4 Testing for tissue heterogeneity
4.1 Tissue signatures
In section 2, we identified a set of 9 reference signatures (table 4.1) which unambiguously identify their corresponding tissue across platforms and species. In addition to that, we use 120 tissue signatures from the BioQC publication, which we refer to as query signatures.
Reference Signature | Tissue | NA |
---|---|---|
GTEX_Blood | blood/immune | blood |
GTEX_Blood | blood/immune | white blood cells |
GTEX_Blood | blood/immune | pbmc |
GTEX_Brain | brain | brain |
GTEX_Brain | brain | cerebellum |
GTEX_Brain | brain | cortex |
GTEX_Brain | brain | frontal cortex |
GTEX_Brain | brain | prefrontal cortex |
GTEX_Brain | brain | hippocampus |
GTEX_Brain | brain | hypothalamus |
GTEX_Heart | heart | heart |
GTEX_Kidney | kidney | kidney |
GTEX_Liver | liver | liver |
GTEX_Liver | liver | hepatocyte |
GTEX_Muscle_Skeletal | skeletal muscle | skeletal muscle |
GTEX_Pancreas | pancreas | pancreas |
GTEX_Skin | skin | skin |
GTEX_Testis | testis | testis |
4.2 Testing samples for heterogeneity
We tested for enrichment of 120 selected signatures provided by BioQC (query signatures) and the 9 reference signatures generated by us on all 76576 selected samples resulting in a list of 9878304 (sample, signature, pvalue) pairs.
Our intention is to identify samples that show tissue heterogeneity, i.e. unintentional profiling of cells of other origin than the target tissue of profiling. We classify samples into heterogeneous and not heterogeneous. We call a classification true-positive if the given sample is classified as heterogeneous and the sample indeed contains cells different from the annotated tissues. Analogous, we call a classification false-positive if the given sample is classified as heterogeneous but in reality only contains cells from the annotated tissue.

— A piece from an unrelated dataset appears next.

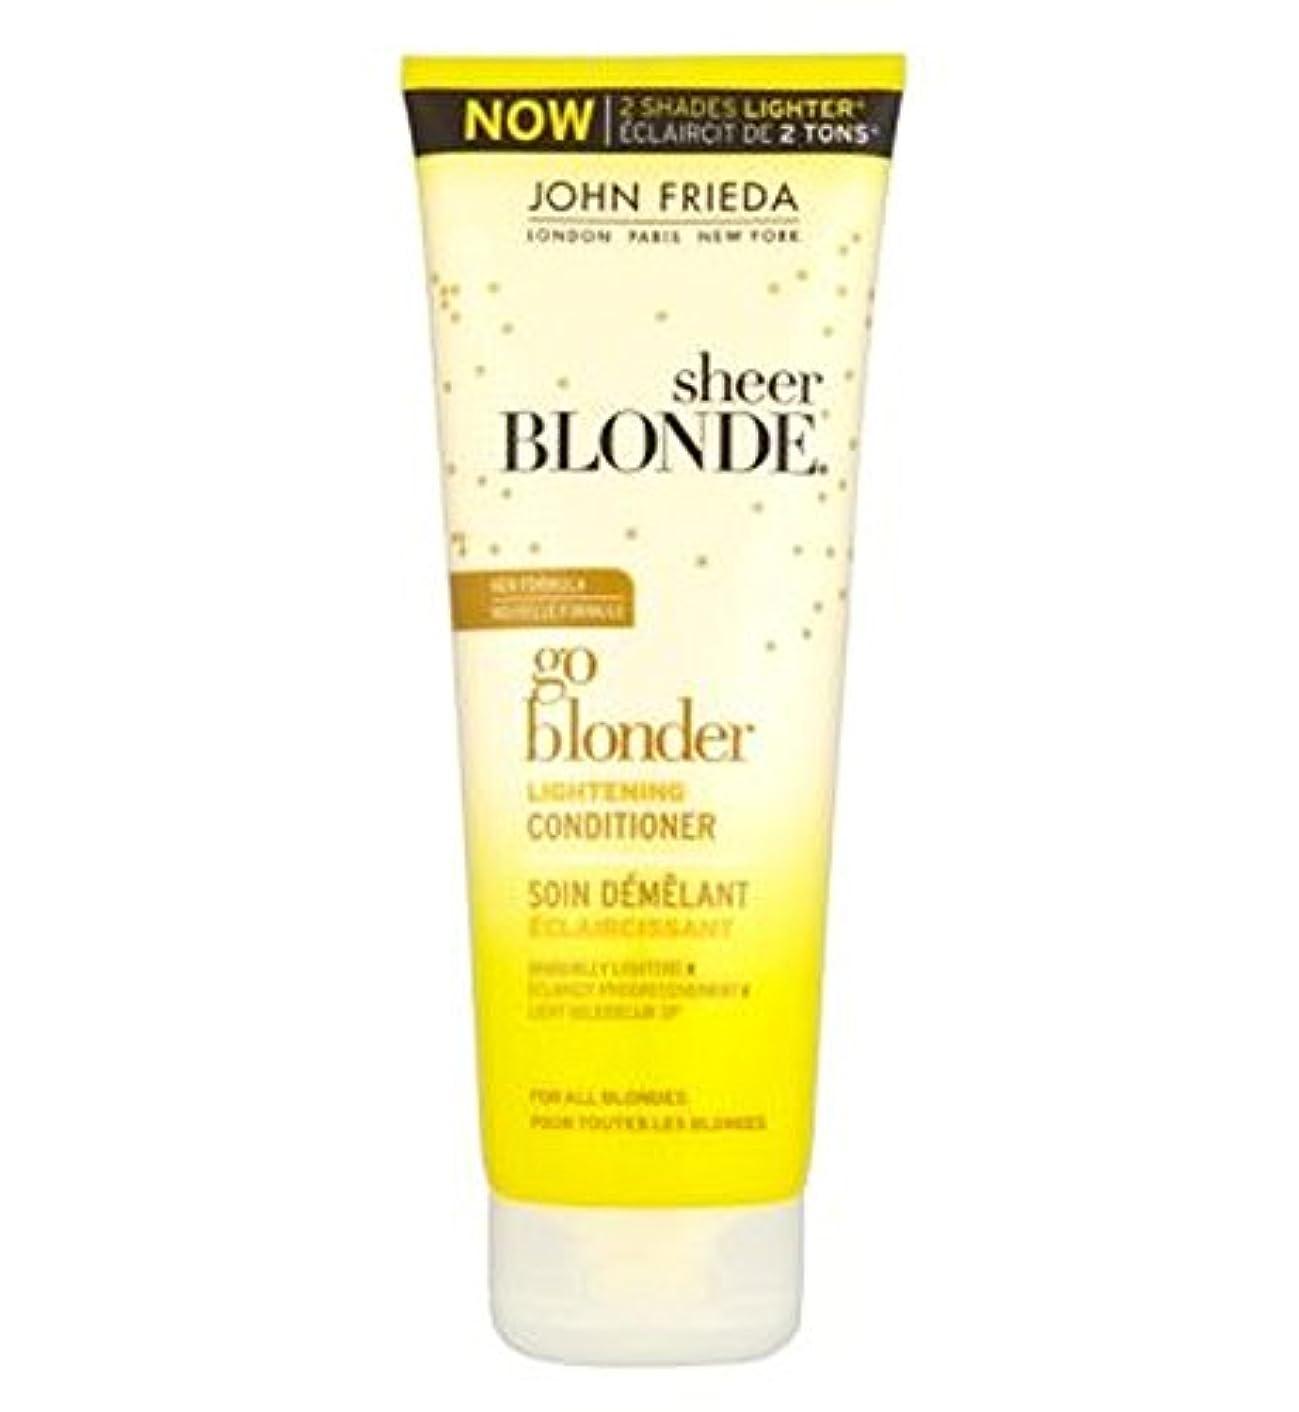 失礼な自殺目指すJohn Frieda Sheer Blonde Go Blonder Lightening Conditioner 250ml - ジョン?フリーダ薄手ブロンド行くBlonder美白コンディショナー250Ml (John...
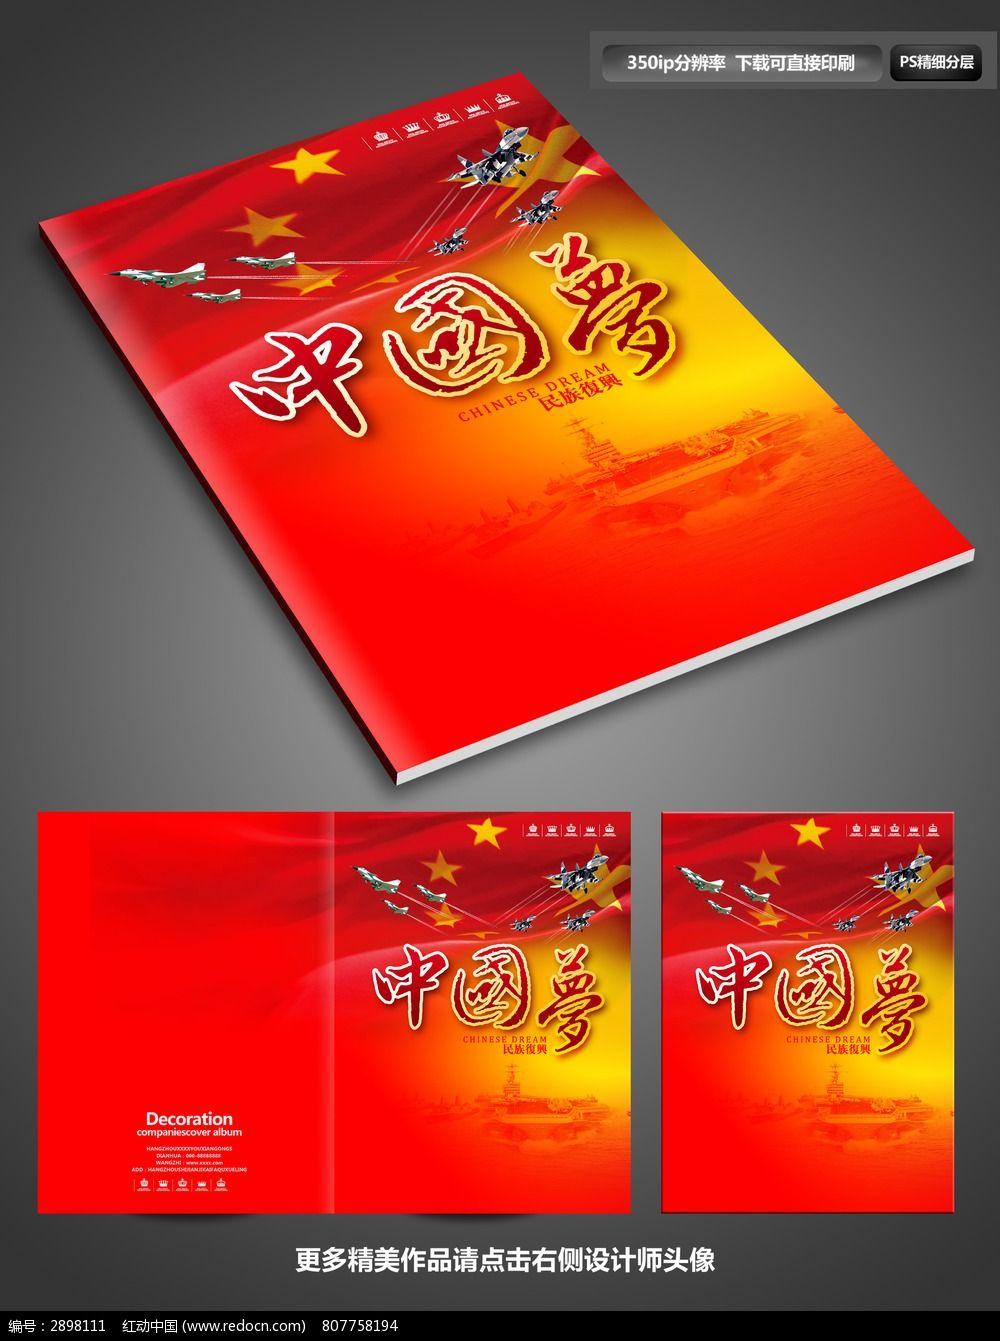 红色中国梦书籍画册封面设计图片

Naively, we could label a sample as heterogeneous, if a signature unrelated to the annotated tissue exceeds a certain score. The problem with this approach is, that some signatures overlap; the resulting scores are therefore correlated and will lead to false-positives. One cannot simply solve this problem by excluding genes that are members of multiple signatures, as it is easily possible to build two (in fact many) distinct, non-overlapping signatures matching the same tissue, due to gene-gene correlation.
In section 2 we have created and validated
reference signatures for 9 tissues. Even though we have demonstrated that
each signature unambiguously identifies its corresponding tissue (i.e. scores
highest), the signatures could still be correlated. Some of them in fact are,
e.g. cardiac muscle and skeletal muscle (see figure
4.1). Moreover, we lack sufficient data to perform an
independent-sample validation on the signatures provided by BioQC.
Therefore, to avoid false-positives, for each tissue, we exclude all signature
that are positively correlated with the reference signature. This approach is
more formally described in the following:
A given sample \(s\) annotated as tissue \(t\) is tested for enrichment with signature \(k_{\text{query}}\) resulting in a p-value \(p_{\text{query}}\). Let \(k_{\text{ref}}\) be the reference signature associated with tissue \(t\) and \(p_{\text{ref}}\) the p-value of testing \(s\) for enrichment of \(k_{\text{ref}}\). Let \(\tau\) be a certain false discovery rate (FDR)-threshold (0.01 in this study).
- If the Benjamini-Hochberg (BH)-adjusted \(p_{\text{query}} \ge \tau\), we assume that \(s\) is not heterogeneous; else continue.
- We fit a robust linear model using
rlm
from theR
MASS
package of \(|log10(p_{\text{query}})|\) against \(|log10(p_{\text{ref}})|\) for all samples annotated as \(t\). - If the slope of the linear model is \(\ge 0.01\), we exclude the pair of signatures from the results. If the slope is \(< 0.01\) and the FDR-adjusted \(p_{\text{query}} < \tau\), we consider the sample as heterogeneous. Tissue pairs for which signatures are excluded are marked as such in the results.
- We define heterogeneity as severe, if additionally \(p_{\text{ref}} \ge\) 0.05.

Figure 4.1: Examples of signature correlation. Panels A-B: scatterplot of the signature scores (y-axis) against the scores of a reference signature (x-axis). The black line indicates the model fitted to the data. Points are colored according to the called heterogeneity status. (A) Skeletal muscle scores of kidney samples against scores of the kidney signature. The samples are not correlated, however some outliers are detected which are samples likely containing muscle cells. (B) Skeletal muscle scores of cardiac muscle samples against skeletal muscle scores. The scores are highly correlated. While most of the points exceed the FDR threshold, they will not be classified as heterogeneous since the signatures are correlated. Panels C and D show the boxplots of the scores of various signatures on kidney and heart samples, respectively.